期刊名称:Proceedings of the National Academy of Sciences
印刷版ISSN:0027-8424
电子版ISSN:1091-6490
出版年度:2013
卷号:110
期号:20
页码:8182-8187
DOI:10.1073/pnas.1217730110
语种:English
出版社:The National Academy of Sciences of the United States of America
摘要:Mutational activation of the Ras oncogene products (H-Ras, K-Ras, and N-Ras) is frequently observed in human cancers, making them promising anticancer drug targets. Nonetheless, no effective strategy has been available for the development of Ras inhibitors, partly owing to the absence of well-defined surface pockets suitable for drug binding. Only recently, such pockets have been found in the crystal structures of a unique conformation of Ras*GTP. Here we report the successful development of small-molecule Ras inhibitors by an in silico screen targeting a pocket found in the crystal structure of M-Ras*GTP carrying an H-Ras-type substitution P40D. The selected compound Kobe0065 and its analog Kobe2602 exhibit inhibitory activity toward H-Ras*GTP-c-Raf-1 binding both in vivo and in vitro. They effectively inhibit both anchorage-dependent and -independent growth and induce apoptosis of H-rasG12V-transformed NIH 3T3 cells, which is accompanied by down-regulation of downstream molecules such as MEK/ERK, Akt, and RalA as well as an upstream molecule, Son of sevenless.

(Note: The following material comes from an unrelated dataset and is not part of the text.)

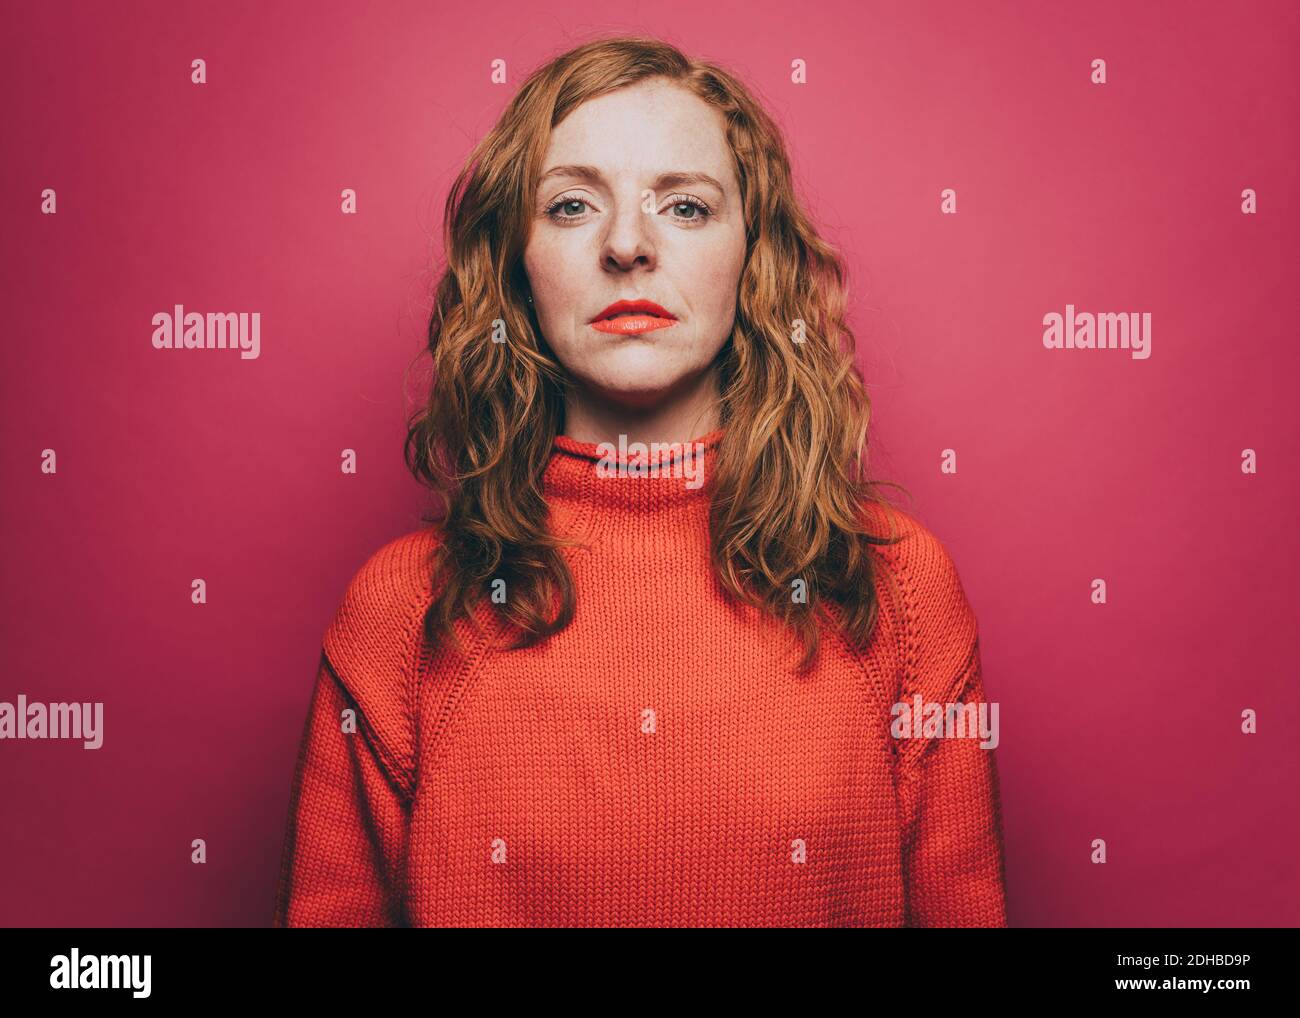 Porträt von selbstbewussten Frau in orange oben auf rosa Hintergrund Stockfoto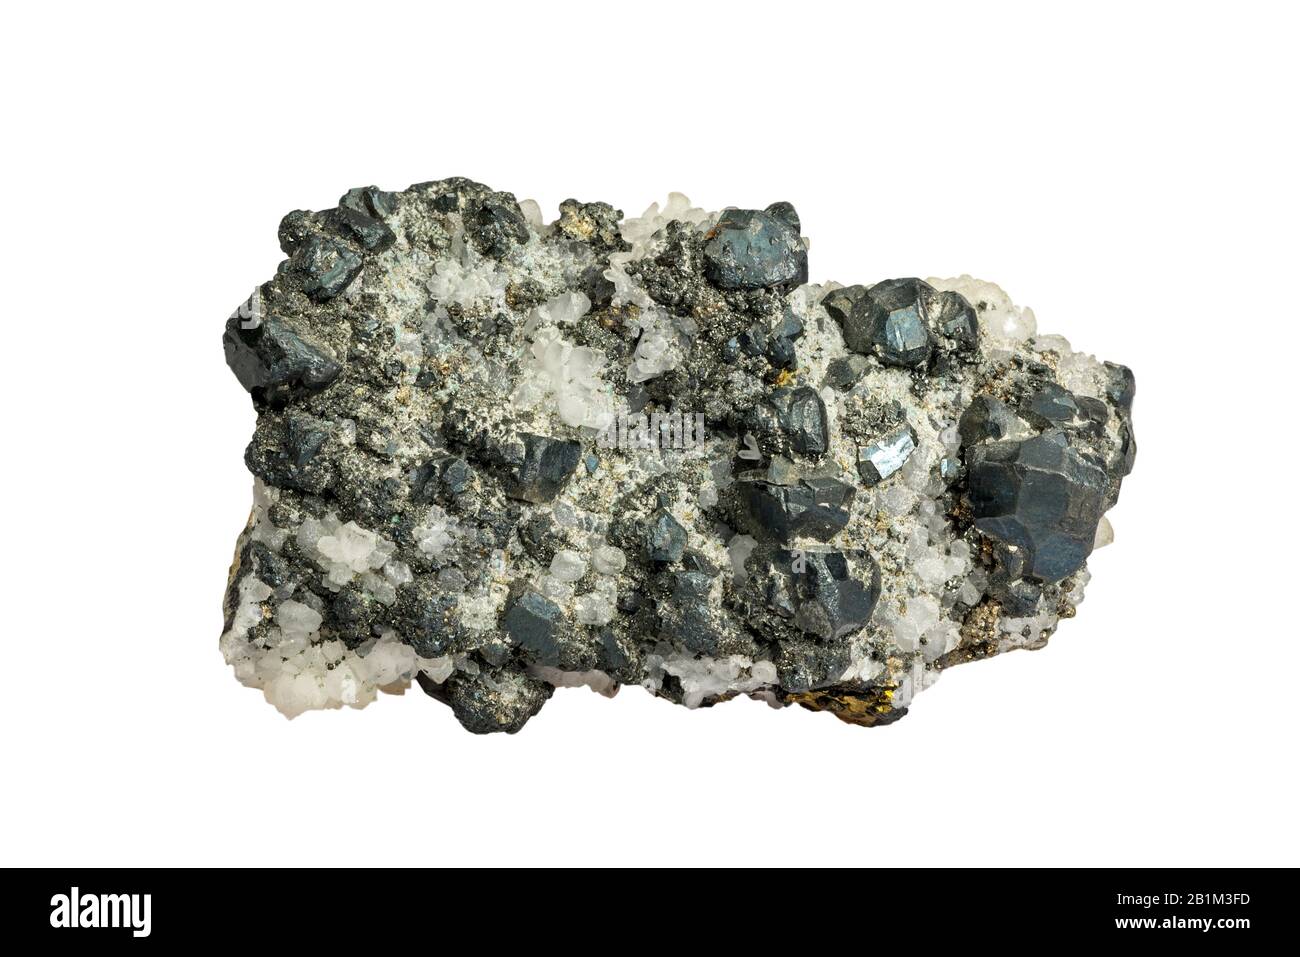 Tennantit, Kupfer-Arsen-Sulfosaltmineral, in Zacatecas, Mexiko vor weißem Hintergrund gefunden Stockfoto

Moreover, they exhibit antitumor activity on a xenograft of human colon carcinoma SW480 cells carrying the K-rasG12V gene by oral administration. The NMR structure of a complex of the compound with H-Ras*GTPT35S, exclusively adopting the unique conformation, confirms its insertion into one of the surface pockets and provides a molecular basis for binding inhibition toward multiple Ras*GTP-interacting molecules. This study proves the effectiveness of our strategy for structure-based drug design to target Ras*GTP, and the resulting Kobe0065-family compounds may serve as a scaffold for the development of Ras inhibitors with higher potency and specificity.